● **WORK TASK**
Copy the listing exactly, leaving out every picture.

++++ INFORMATION PROVIDED ++++

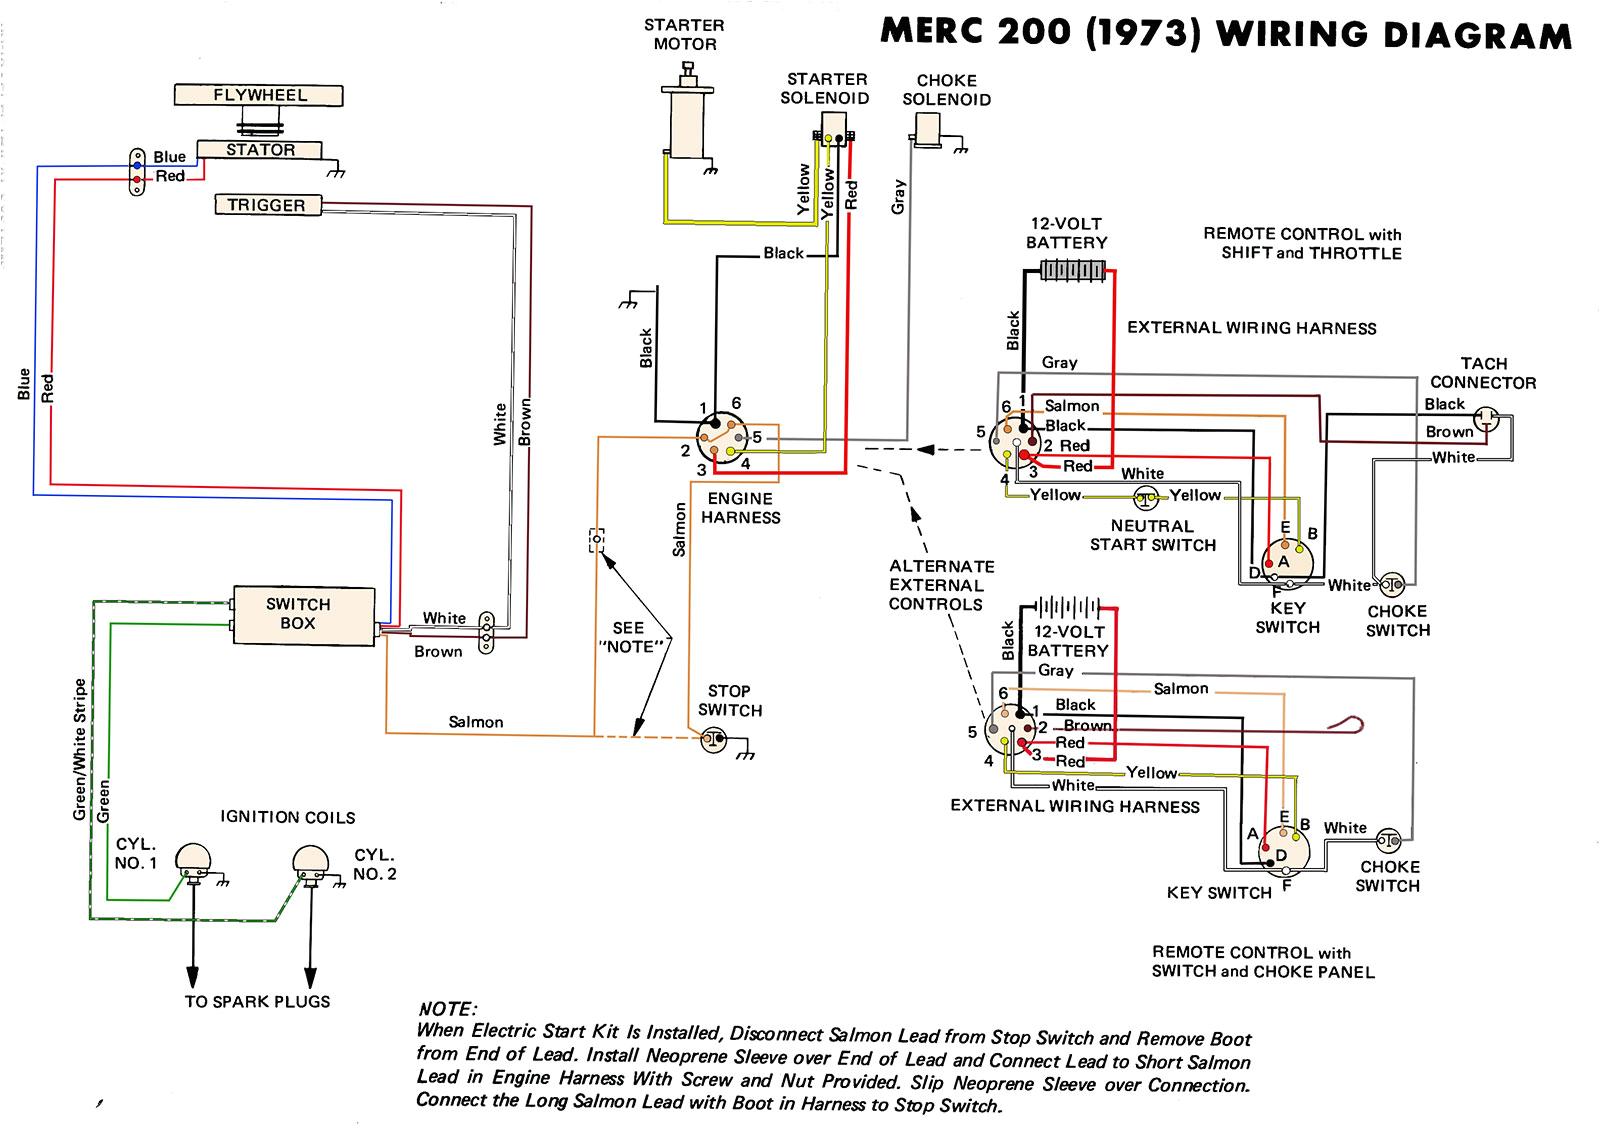 1994 mercury 40 wiring diagram wiring diagrams bib 1994 mercury 40 wiring diagram
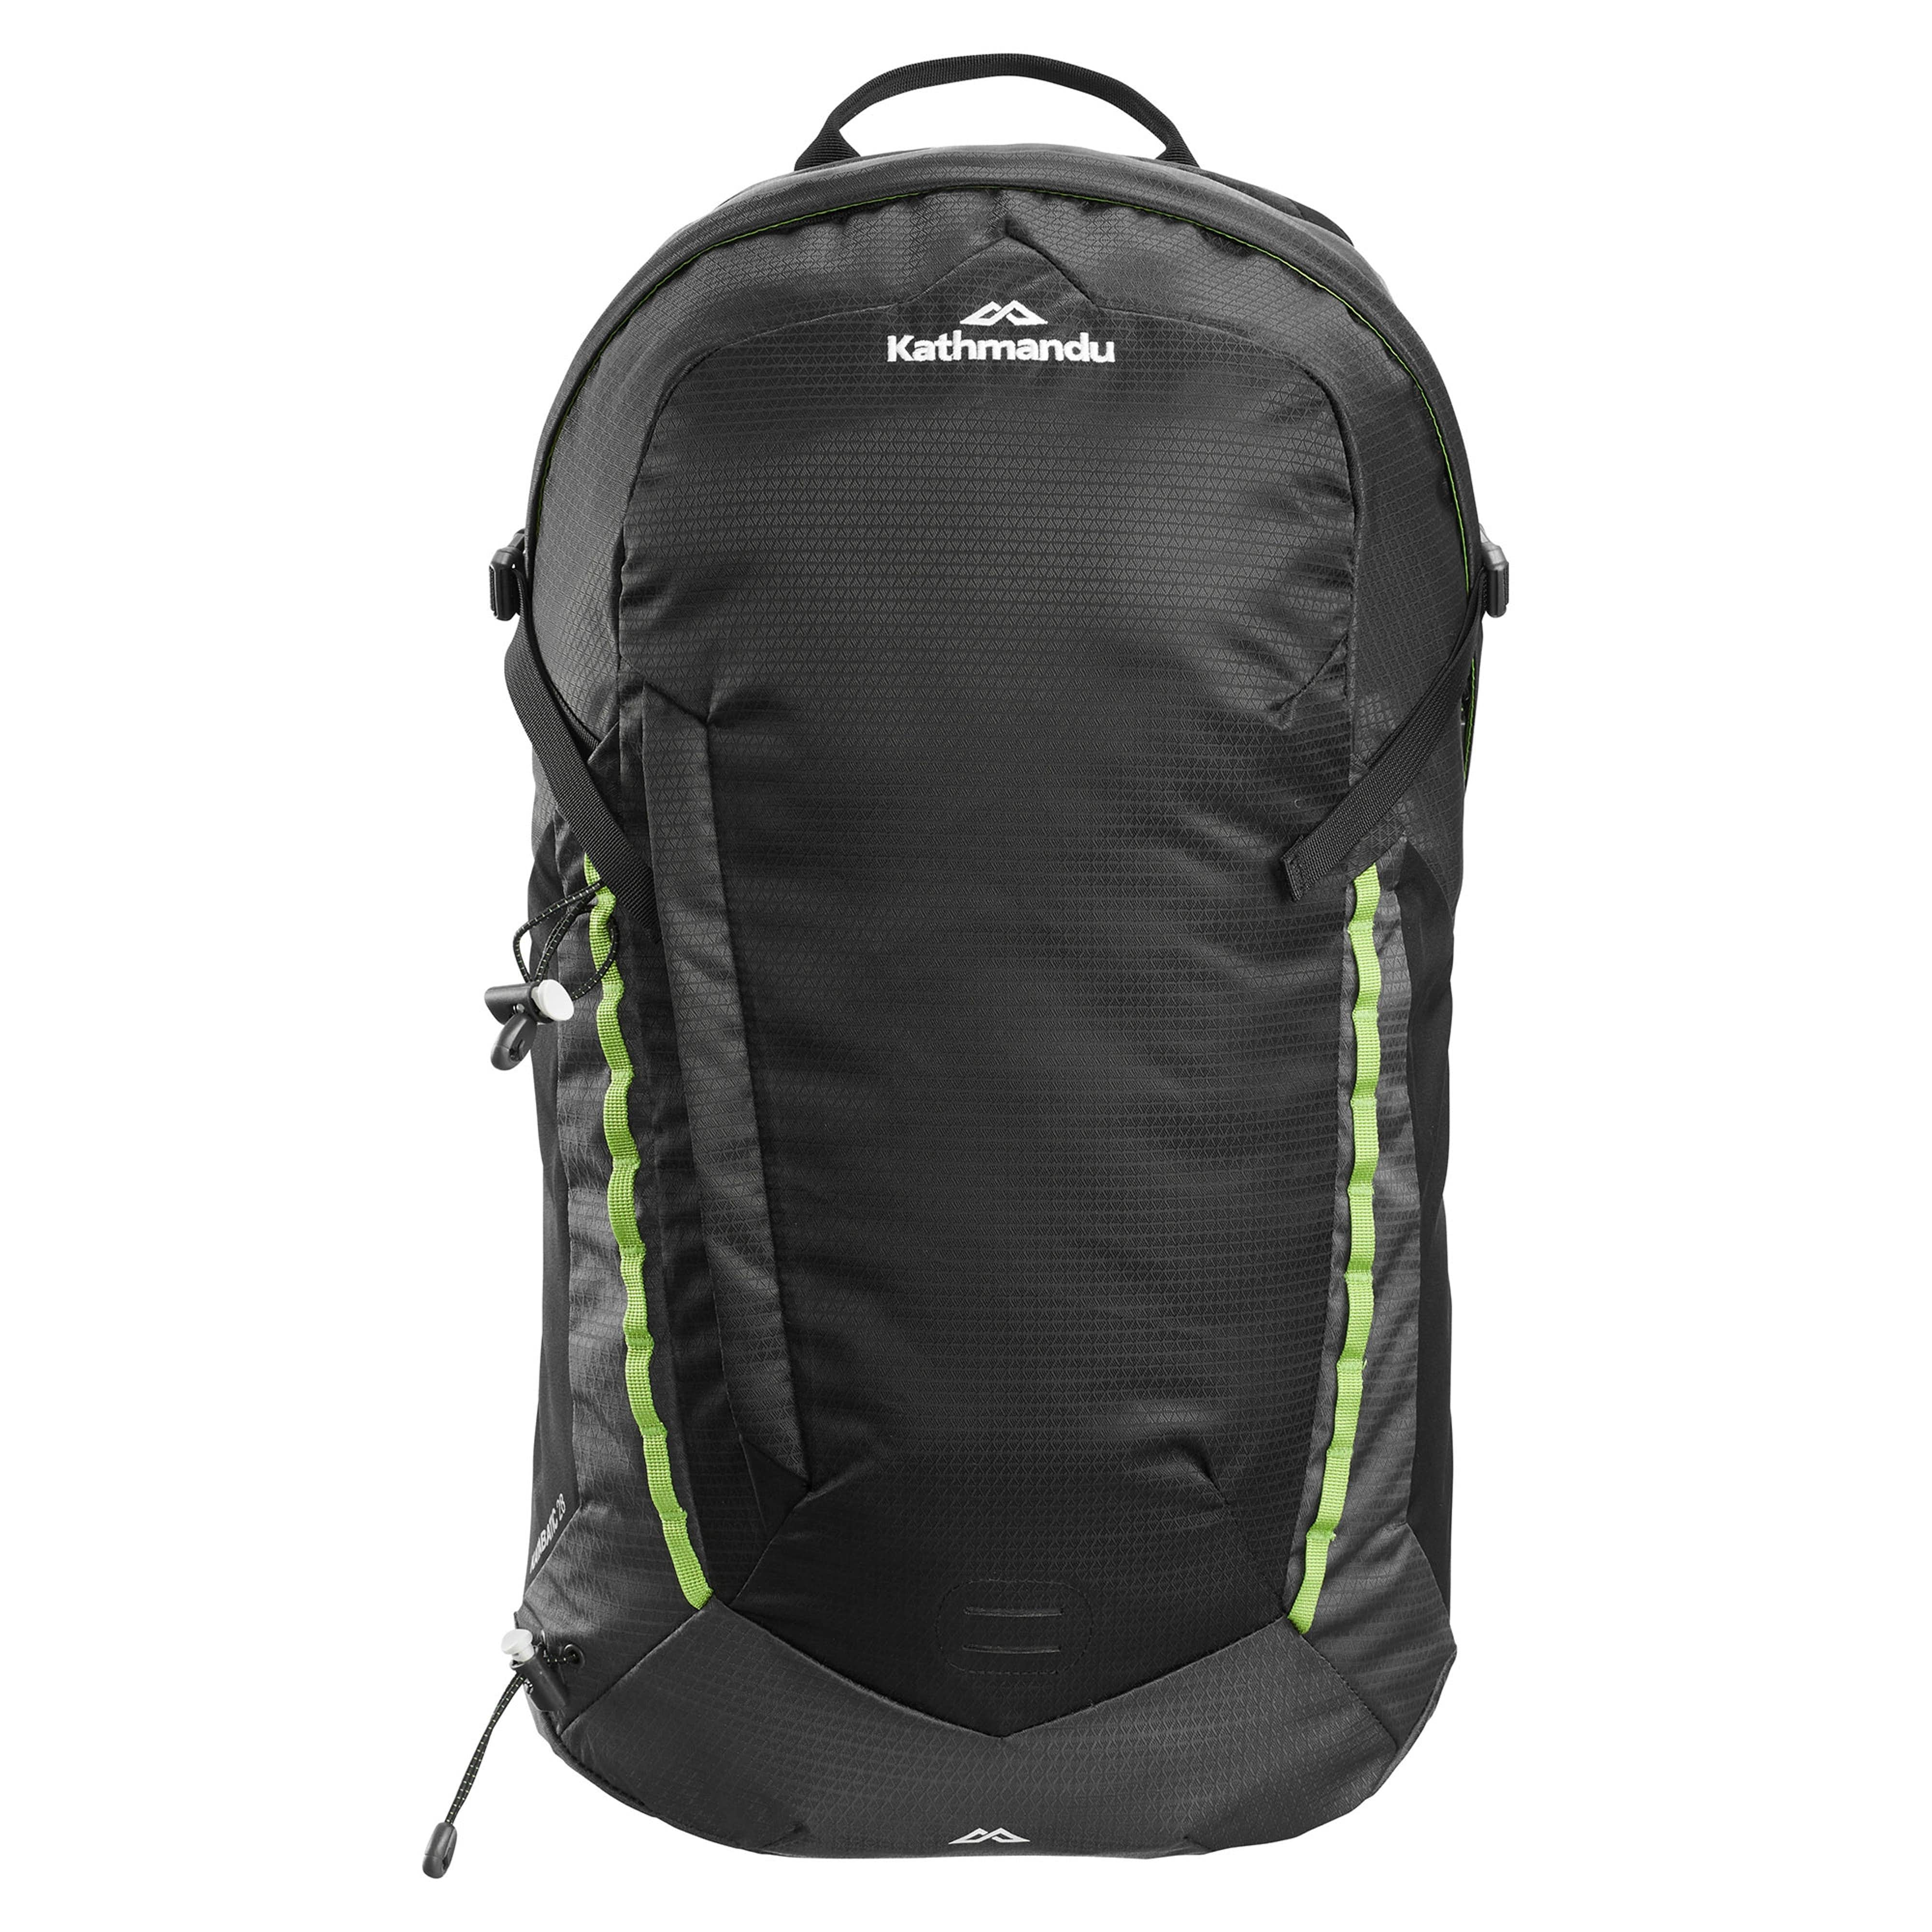 02b6800703 Hiking   Camping Bags
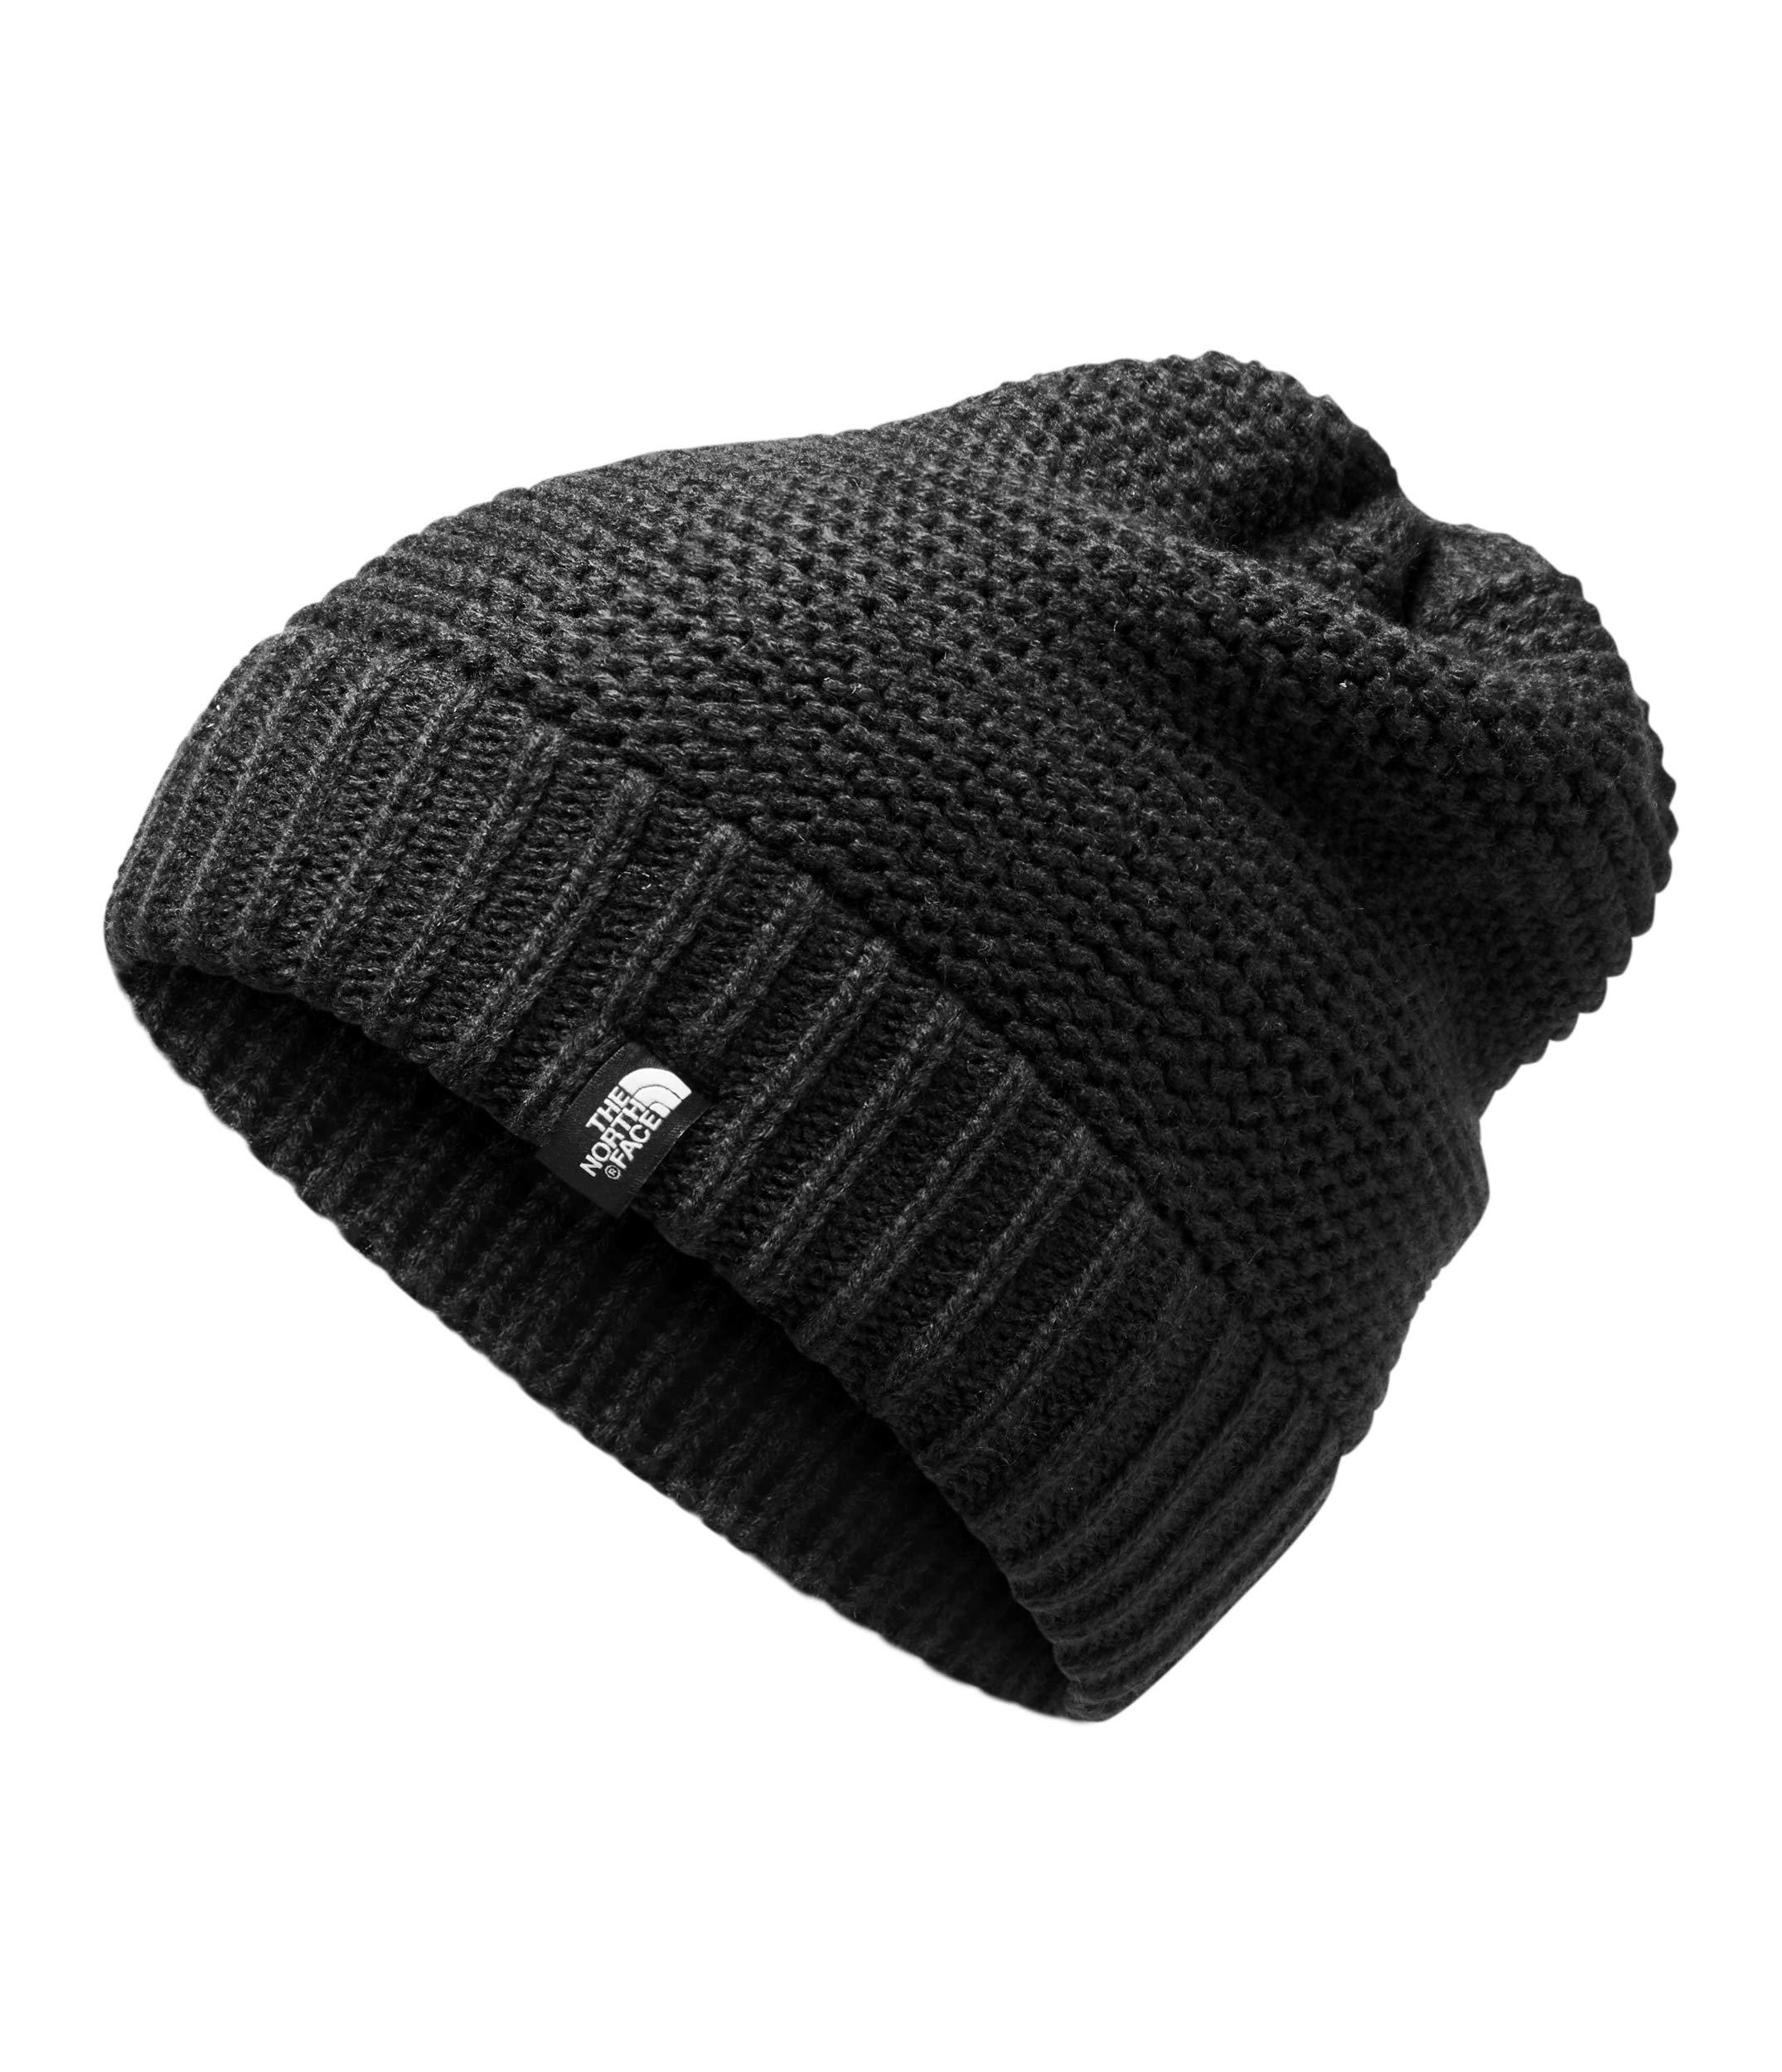 The North Face Women's Purrl Stitch Beanie, TNF Black, One Size

++++

● **SOLUTION TO THIS PROBLEM**
 1994 mercury 40 wiring diagram wiring diagrams bib 1994 mercury 40 wiring diagram
 02b6800703 Hiking   Camping Bags
 The North Face Women's Purrl Stitch Beanie, TNF Black, One Size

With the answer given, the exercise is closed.